Solana’s Founder Responds to Criticism, Defends Network’s Design for Security and Speed

Solana’s founder, Anatoly Yakovenko, has shed light on the unique approach Solana uses to ensure the security and performance of its blockchain. The explanation was prompted by a tweet suggesting that Solana’s outages were due to on-chain votes. Yakovenko clarified that the proof of stake systems require significant network communication for validation and Solana uses quadratic messaging overhead to ensure classic Byzantine fault tolerance (BFT) consensus.

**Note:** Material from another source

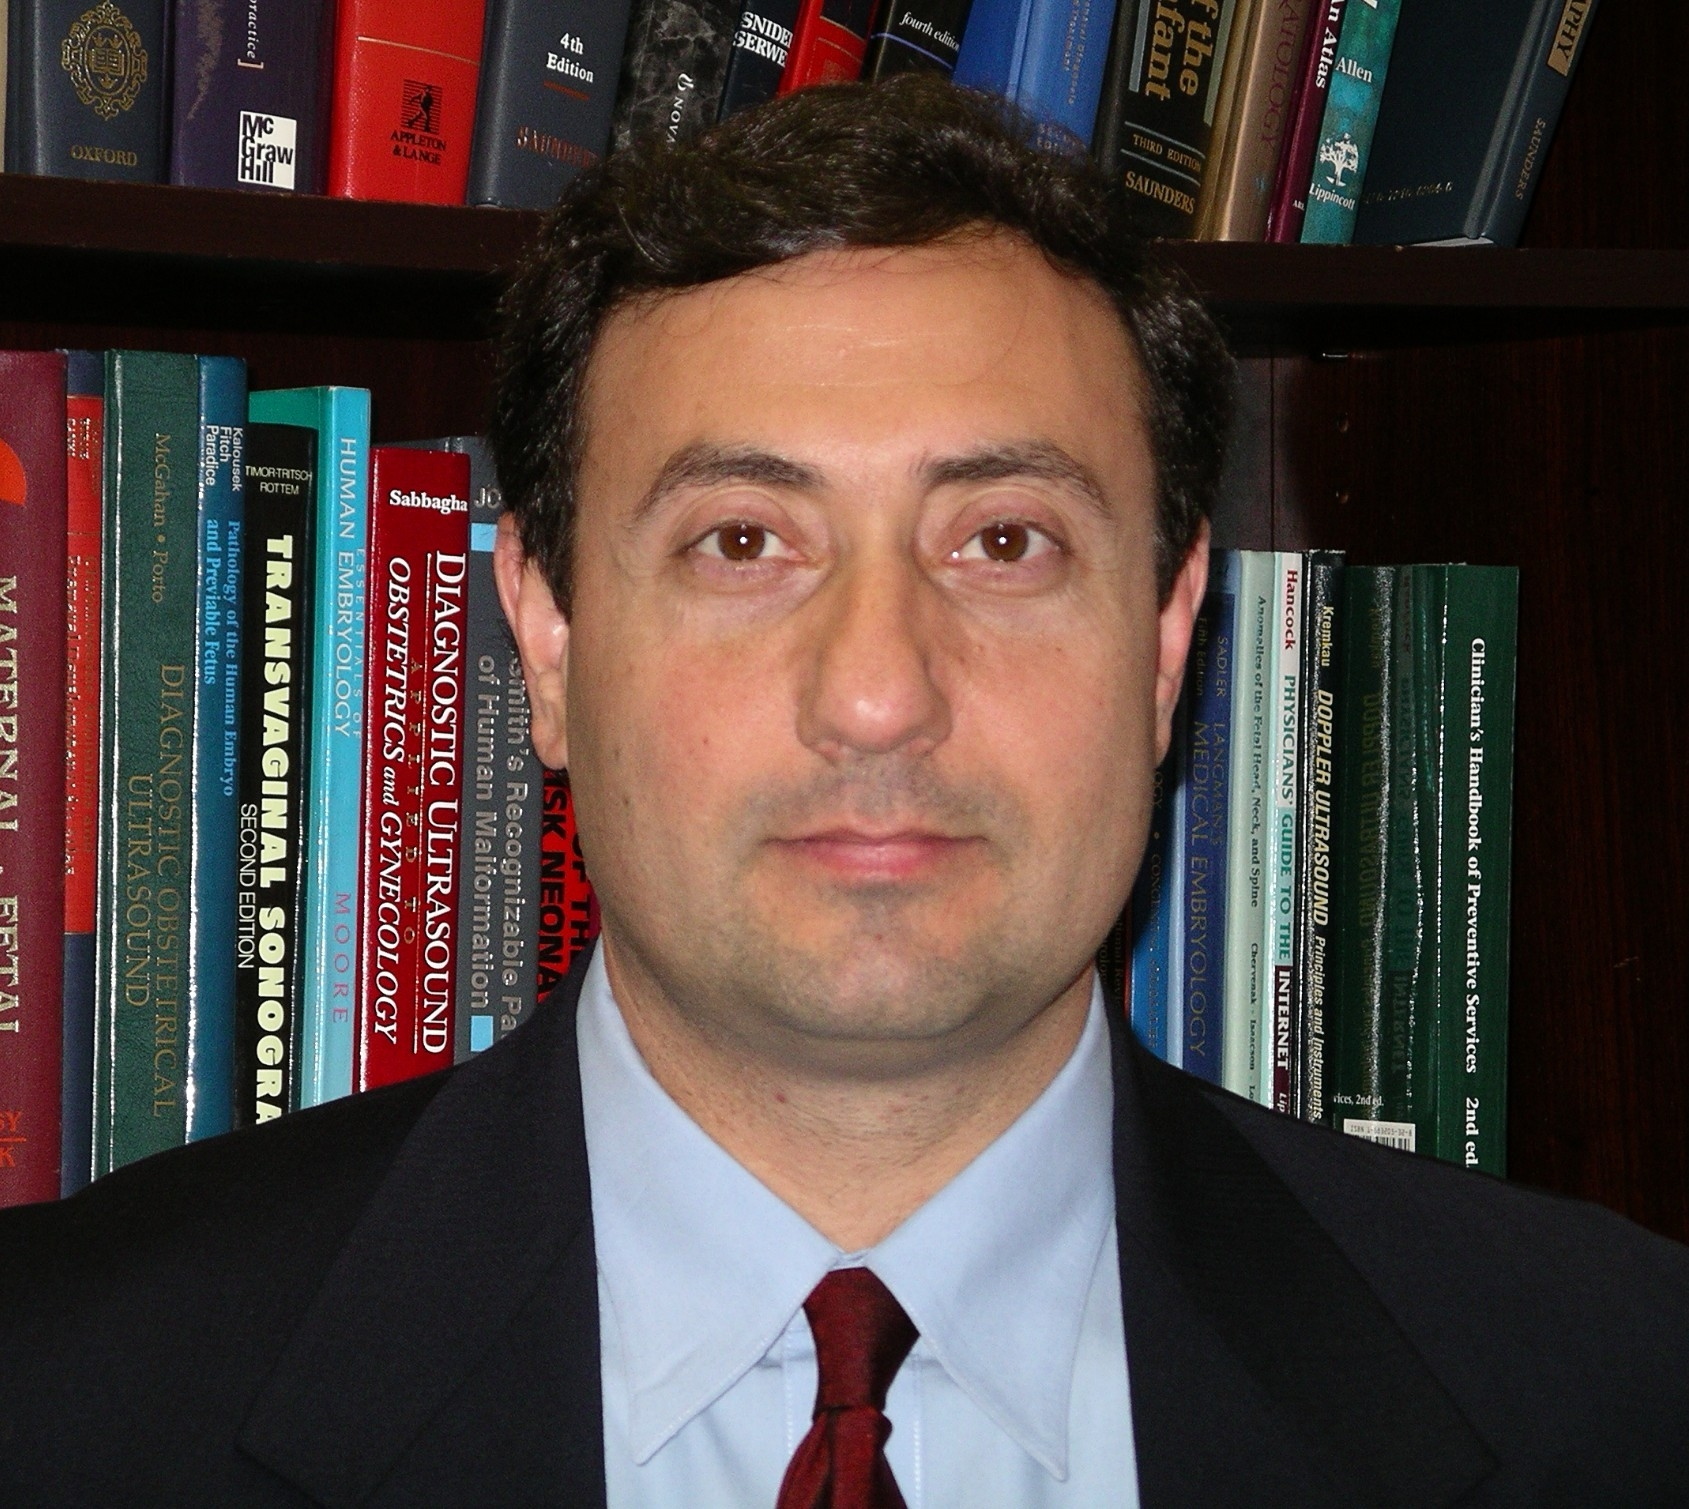 Congress Faculty Bios | World Congress on Ultrasound in

In his tweet on February 28th, Yakovenko questioned the ignorance behind the discussion that votes are transactions. He explained that classic BFT consensus requires quadratic messaging overhead, meaning that the more nodes in the same quorum, the more messages the network has to handle. For instance, a 100 node network would handle around 10k messages per round, while Solana’s 3k node network handles 9 million messages, which is a lot.

One solution is to keep the quorum at 200 nodes, so the load stays under 40k messages. However, this approach has several security and performance tradeoffs, and subcommittee rotation requires consensus measured in seconds.

Solana’s approach is unique, as it wants to be fast and super secure. The 2800 node Solana quorum means that any 150 nodes that add up to 66% try to create an invalid state transition, or withhold data from the rest of the network, any of the remaining 2650 boxes will rapidly detect this. Security comes from the long tail of boxes that maintain a watchful eye on the majority, with the smallest staked validator adding as much security to the L1 as the largest staked one.

The reason why votes are implemented as transactions is that there must be a highly optimized pipeline to handle all those votes, as 9 million messages are a lot, and it’s only going to get bigger. Every user state transition, an open book order, an orca swap, or a payment requires the same exact security, and each one of these messages must be propagated to all the 3000 nodes in the quorum; otherwise, there is no security.

For all messages that must be fully replicated to all nodes, Solana implements one highly optimized pipeline. Votes are not only counted as transactions but also implemented as transactions because there is no cheaper way to do it. If there were a cheaper way to get votes to all the nodes in the network, user transactions would also take the cheaper path.

Solana provides an exceptional level of security, high throughput, and low fees, all at the same time, because of its design. Other networks do not offer the same level of security or performance because their quorums are small, and consensus rounds are measured in seconds. Quorum size is limited by the data availability of the quorum, and votes are messages that are signed, atomically change state, need spam resistance, and are replicated consistently across all the nodes in the quorum.


In conclusion, Solana founder Anatoly Yakovenko’s recent explanation sheds light on the unique approach Solana takes to ensure security and performance in its blockchain. Despite facing criticism for outages, Yakovenko clarified that Solana’s high throughput and low fees are achieved through a design that relies on a large quorum and fast block times. This design ensures a high level of security by allowing any small minority of honest nodes to detect any nefarious activities on the network. Yakovenko’s explanation also highlights the challenges faced by proof of stake systems, particularly the high network communication required for validation. Overall, Solana’s approach stands out from other networks, providing an exceptional level of security and performance at the same time.